In addition, I feel that the balance between fiction and reality has changed significantly in the past decades. Increasingly their roles are reversed. We live in a world ruled by fictions of every kind – mass-merchandizing, advertising, politics conducted as a branch of advertising, the pre-empting of any original response to experience by the television screen. We live inside an enormous novel. It is now less and less necessary for the writer to invent the fictional content of his novel. The fiction is already there. The writer’s task is to invent the reality.
– J. G. Ballard, introduction to the French edition (1974) of Crash (1973)
Solo exhibition “Ficcionario” by Argentinian video artist, Sebastian Diaz Morales, invites visitors to immerse themselves in a journey through the architectural labyrinths, made specifically for this exposition, in which powerful projectors beam twisted loops of fiction and reality. The exhibition, taking place in the two grand CAC halls, will present five artist‘s video works: Pasajes I & II (2012, 2013), Oracle (2008), Insight (2012), and Suspension (2014).

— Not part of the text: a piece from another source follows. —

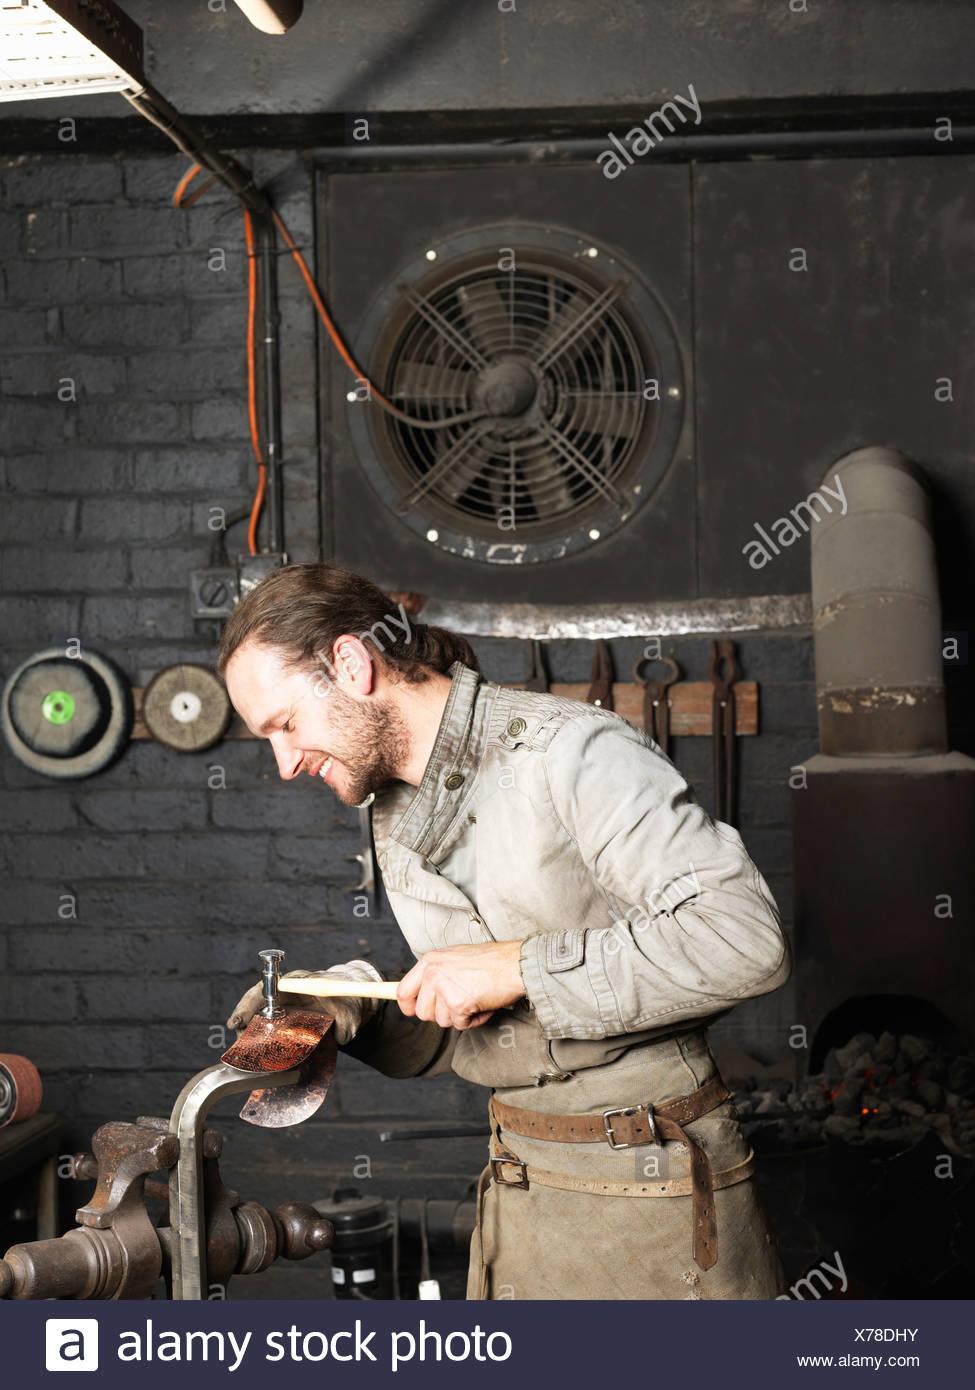 Blacksmith hammering cuivre dans l'atelier Photo Stock

Diaz Morales‘ video works blend different genres; recurring motifs and forms of narrative that are characteristic of documentary combine with experimental and science fiction cinema.
By employing contemporary means of presentation, this exhibition in its own unique way translates the tradition of magical realism; here real and fictional stories intermingle to create a new dimension of meaning. The dialectical relation between reality and representation, the possibilities and effects of the mediation of the world through film – these are Morales‘ conceptual creative interests, which echo in the wanderings through endless labyrinths of images of Kafkaesque characters.
Sebastian Diaz Morales’ (b. 1975) works are displayed in the permanent collections of the most celebrated contemporary art museums – such as Centre Pompidou or Tate Modern. His works were exhibited in Stedelijk Museum and De Appel in Amsterdam, in Art in General in New York, and also in biennales of Sydney, Sao Paolo and other places. In 2009 he was awarded a prestigious Guggenheim Fellowship prize. Born in Argentina, the artist now resides in Amsterdam.